Over time, his un-Benelopeness taught me two very important concepts: I had to learn to relax and to compromise.
The lightbulb moment came years ago, after I complained for the hundred-and-twelfth time about a messy countertop. To which he responded, “I just don’t see what you see. If I thought there was a mess there, I would clean it.”
There it is. This simple statement put everything into perspective for me. He’s not being inconsiderate or selfish or uncaring with his minor messes. He’s not trying to tick me off. He just truly doesn’t notice these little messes that to me, might as well be flashing neon “CLEAN ME!” lights. He has blinders on by no fault of his own. It’s just the way he’s wired. Just like being a Penelope is how I’m wired.

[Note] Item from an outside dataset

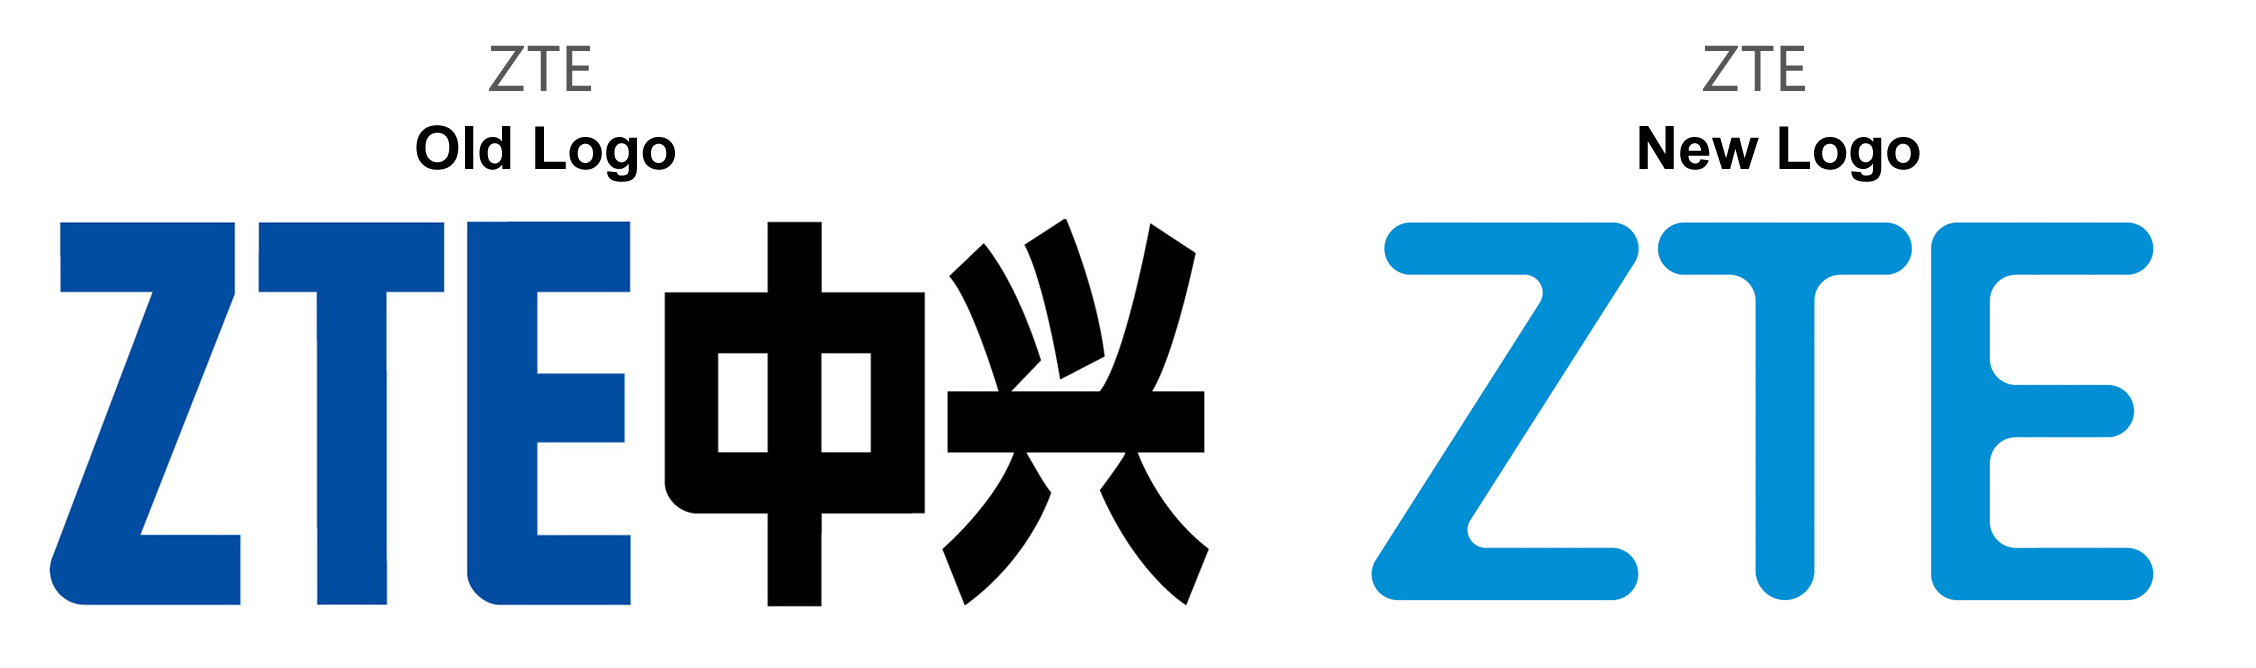 ZTE rediseña su logo para reflejar su nueva filosofía

I’ve learned to embrace our organizational differences and let them be (or, very carefully choose my battles). Sure, he’s tamed my OCD, clean-and-organized ways a bit, but he’s also mellowed me out overall. I no longer freak out if there are dishes in the sink overnight or toys on the floor all afternoon. I don’t stress if I’m too tired to vacuum that day. I’m OK with letting spontaneity get in the way of routine.
Does this mean I’m no longer a Penelope? I wouldn’t go that far. But I’m much less rigid these days and it’s actually proving beneficial with everything I’ve got on my plate. The way I see it, if mellowing out about our household leads to a greater sense of calm and peace of mind overall? I’ll take it. Even if it does mean my house isn’t Better Homes & Gardens cover-worthy 24/7.
QUESTION: Do you have a partner who just isn’t a Penelope/Benelope? How do you handle it? Has it affected your organized and tidy ways, for better or for worse?